= Dawid Boois =

Namibian politician and educator

Dawid Boois (born 13 January 1952 in Berseba) is a Namibian politician and educator.

Boois attended St Theresa Secondary School in Tses and Augustineum Secondary School in Windhoek. He later became a teacher and the principal of Ecumenical Community Secondary School in Berseba.

A member of SWAPO, Boois was a member of the National Assembly from 2000 before being appointed governor of the southern ǁKaras Region in 2004. He since then contested Berseba Constituency, where he became councillor in 2004 after winning the seat in the 2004 regional elections with 1,724 of the 3,591 votes cast. He was reelected in 2010 with 1,225 votes, and in 2015 with 1,774 votes,

Boois was involved in a controversy regarding the different factions of the traditional leadership of the ǀHaiǀKhaua (Berseba Orlam) subtribe of the Nama people.

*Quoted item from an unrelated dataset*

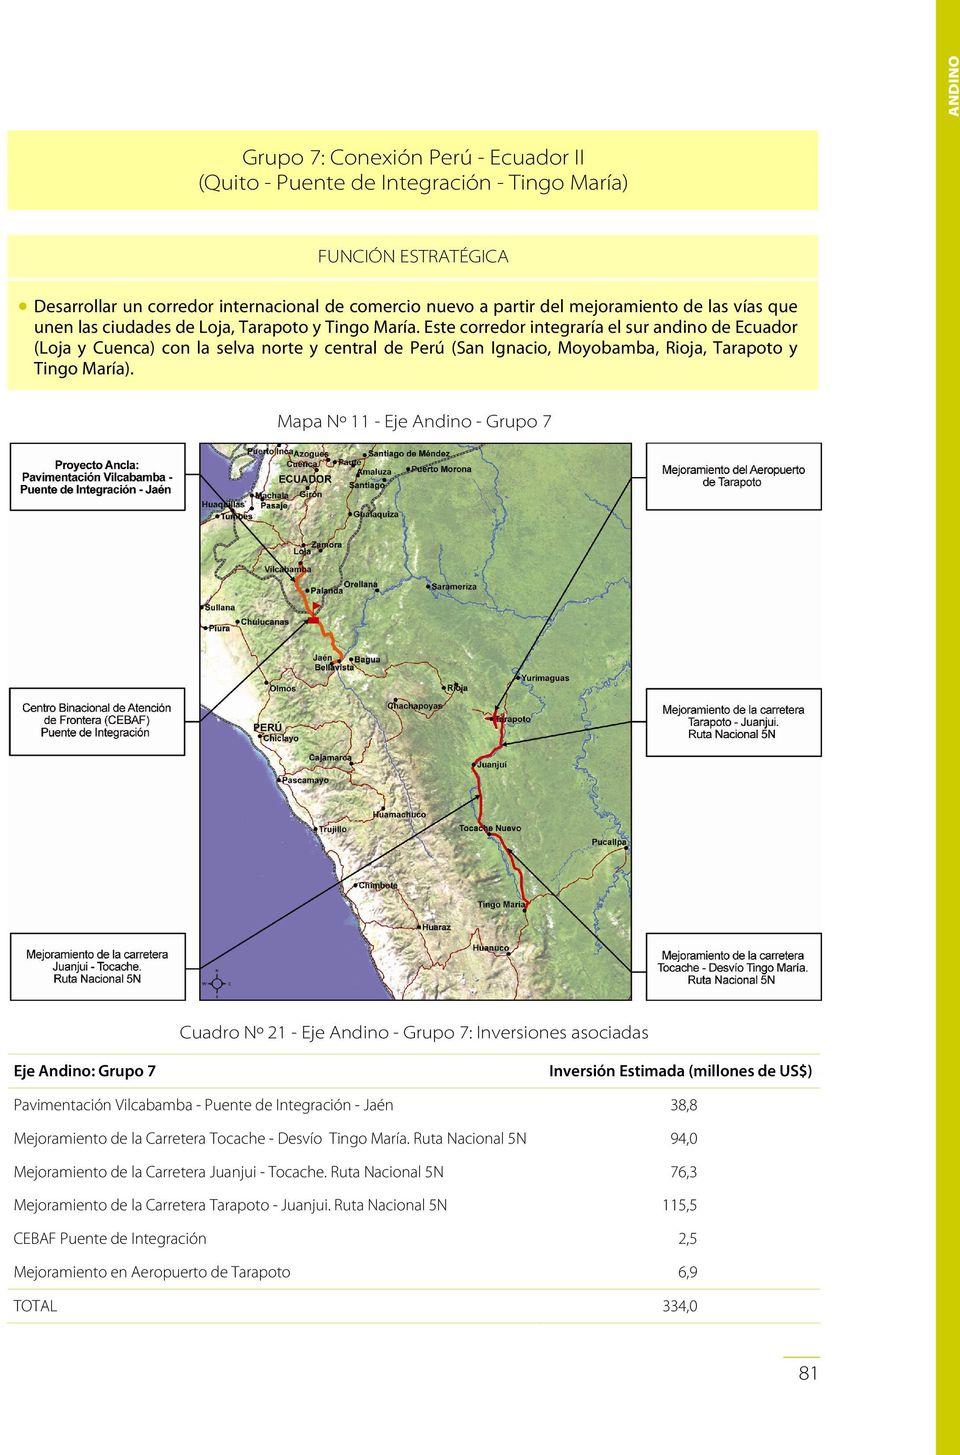 Este corredor integraría el sur andino de Ecuador (Loja y Cuenca) con la selva norte y central de Perú (San Ignacio, Moyobamba, Rioja, Tarapoto y Tingo María).

He supported a group contesting the legitimacy of the reunification of the Goliath and Isaak rival clans and tried to extend the 50-year-long split of the Berseba Orlam. Eventually Boois supported the unity of the tribe by reconciling with fellow former ǁKaras governor Stephanus Goliath early in 2011.

According to transparency documents released in 2003 while Boois was a member of the National Assembly, the Berseba-native is a director of Kaiseb Fishing. He also owns 8% of the shares in the company. He also owns over 15,000 shares in Southern Namibia Hake Fishing Industries alongside fellow SWAPO politician Willem Konjore. He also owns a restaurant and hotel in ǁKaras Region.